Third, the slow pace with which developed countries, principally the United States and European Union, have implemented the UR Agreement on Textiles and Clothing (ATC) has added to the disappointment of developing countries with multilateral negotiations.  Under the agreement, developed countries had agreed to dismantle the Multifibre Arrangement (MFA) by January 1, 2005 but have chosen the slowest possible route to it.  The big gains to developing countries, widely advertised by researchers and press at the time of negotiations, have so far failed to materialize.

Finally, in the aftermath of the UR Agreement, a link between labor standards to trade, which developing countries view as eroding their current trading rights without conferring any benefits, has become a central element of the negotiating agendas proposed by some developed countries.  This fact has made developing countries further doubtful that a round is in their interest.

Thus, the events of the recent past provide India and other developing countries ample reasons to view a new round with skepticism, even suspicion.  Yet, it may be shortsighted to reject the round outright.

Thus, if the Quad countries, US, EU, Japan and Canada, agree to a round and offer enough incentives to other major developing countries to join hands, we may simply not be able to stop it.  Our experience with the UR negotiations is a sobering reminder in this context.  We opposed the conclusion of this round until almost the end.  But by then we were left alone and without any option other than to accept the deal on the table.  An alternative approach would have been to deploy our energies and negotiating capital into shaping the agreement itself.

An even more important reason why we must support a new round is that it is in our own best interest.  The thrust of our efforts should be on shaping the agenda of the round rather than blocking it.  The lesson of the past experience is not that we refrain from negotiations but that we negotiate hard, paying careful attention to every detail.

Two years ago, prior to the WTO ministerial in Seattle, I had argued that developing countries should support a minimalist negotiating agenda that includes the UR built-in agenda plus trade liberalization in industrial goods.  The built-in agenda requires negotiations in agriculture and services and reviews of certain aspects of the Dispute Settlement Understanding and Agreement on TRIPs.  This agenda still makes sense for India.

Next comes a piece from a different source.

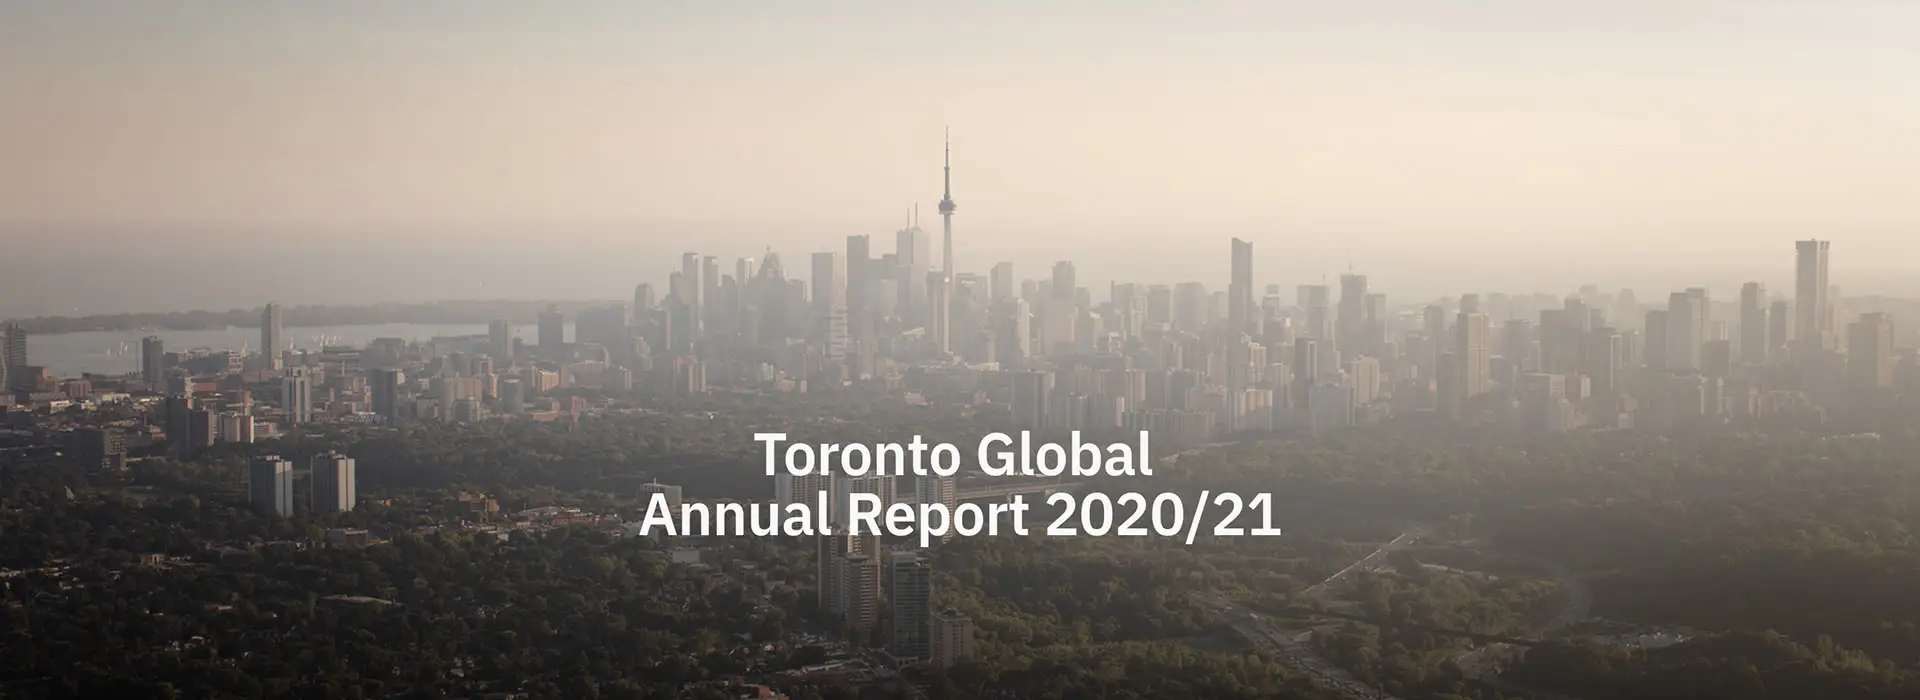 This is a Comeback Story: Toronto Global is Championing the Toronto Region’s Economic Recovery

As a part of its economic reforms, India is likely to continue liberalizing its trade in industrial goods, agriculture and services.  The benefit from this liberalization can be greatly leveraged by pursuing it in the context of a multilateral negotiation.  This way, we will benefit not only from our own liberalization but from the liberalization of our trading partners as well.  The dividend on the latter is double nowadays since it helps dilute trade preferences which have proliferated lately and discriminate against our exports in North America, Europe and other parts of the world.

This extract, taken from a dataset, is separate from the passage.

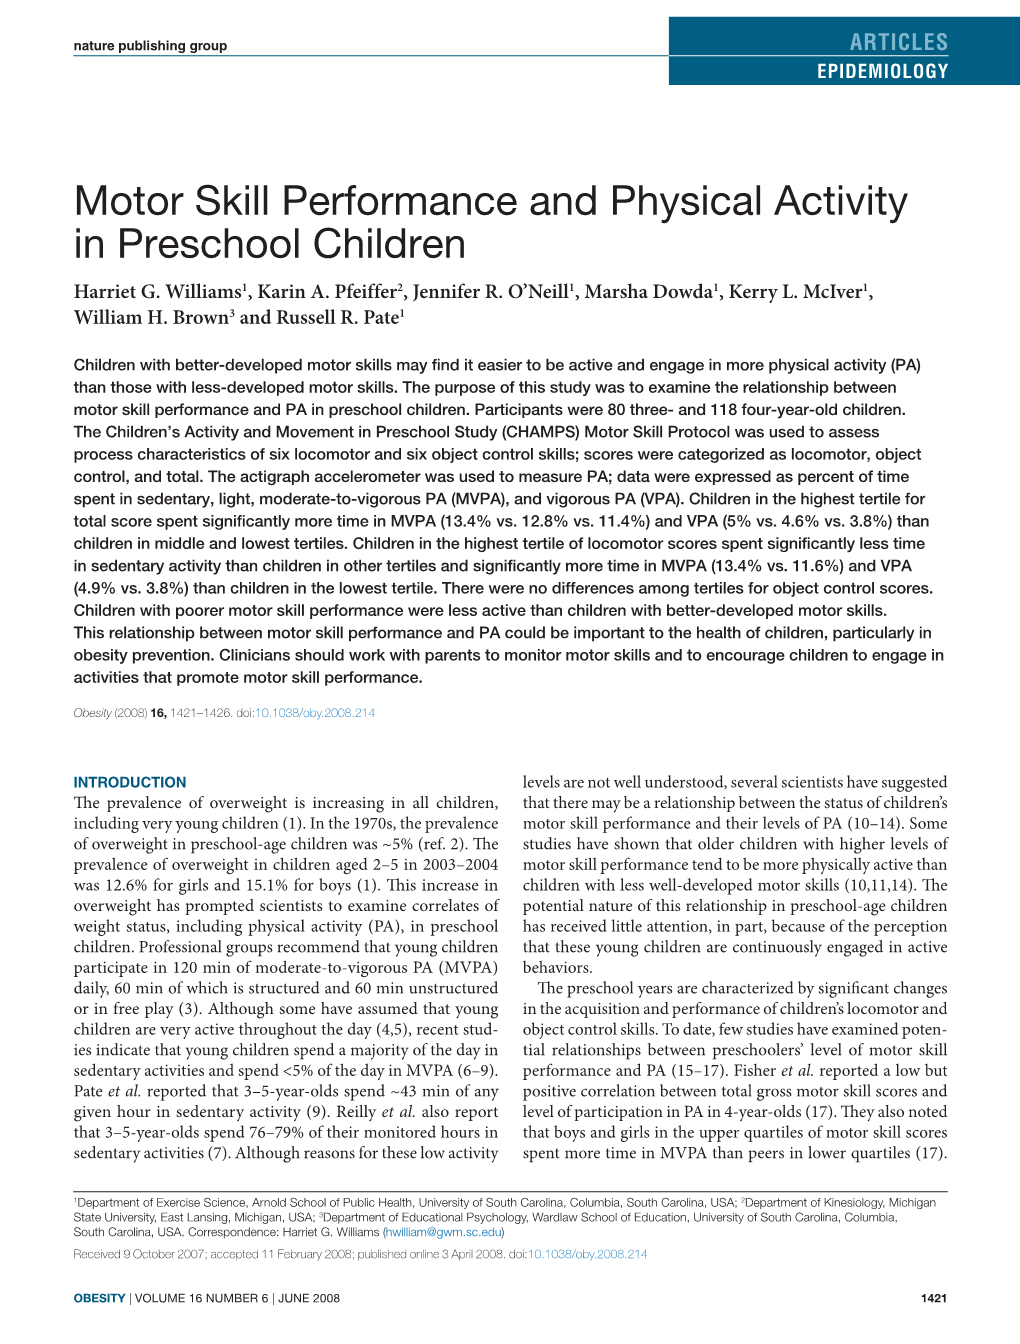 Motor Skill Performance and Physical Activity in Preschool Children Harriet G

We can also make speedier dismantling of the MFA or larger MFA quotas for India a pre-condition for launching the next round.  Even this objective has a better chance of being addressed if pursued in the context of a negotiation than used as a reason for non-negotiation.

It is also important to recognize that most developing countries do not want a round that includes labor standards in any form whatsoever.  Prospects for a round consistent with this goal have never been better.  As a part of the mandate for the next round, developing countries may be able to assign this subject to the International Labor Organization once and for all. 

This leaves principally the subjects of investment, competition policy and environment and trade on which the European Union is insistent.  Even here, compromise may be possible.  One option is to place these latter subjects on a second track and make participation in negotiations on issues on the second track optional.  Alternatively, sufficiently tight wording could be chosen to limit the scope of negotiations in these areas.

The key element of our strategy must be to identify attainable objectives that best serve our interests.  The negotiating strategy should be then targeted to achieve these objectives.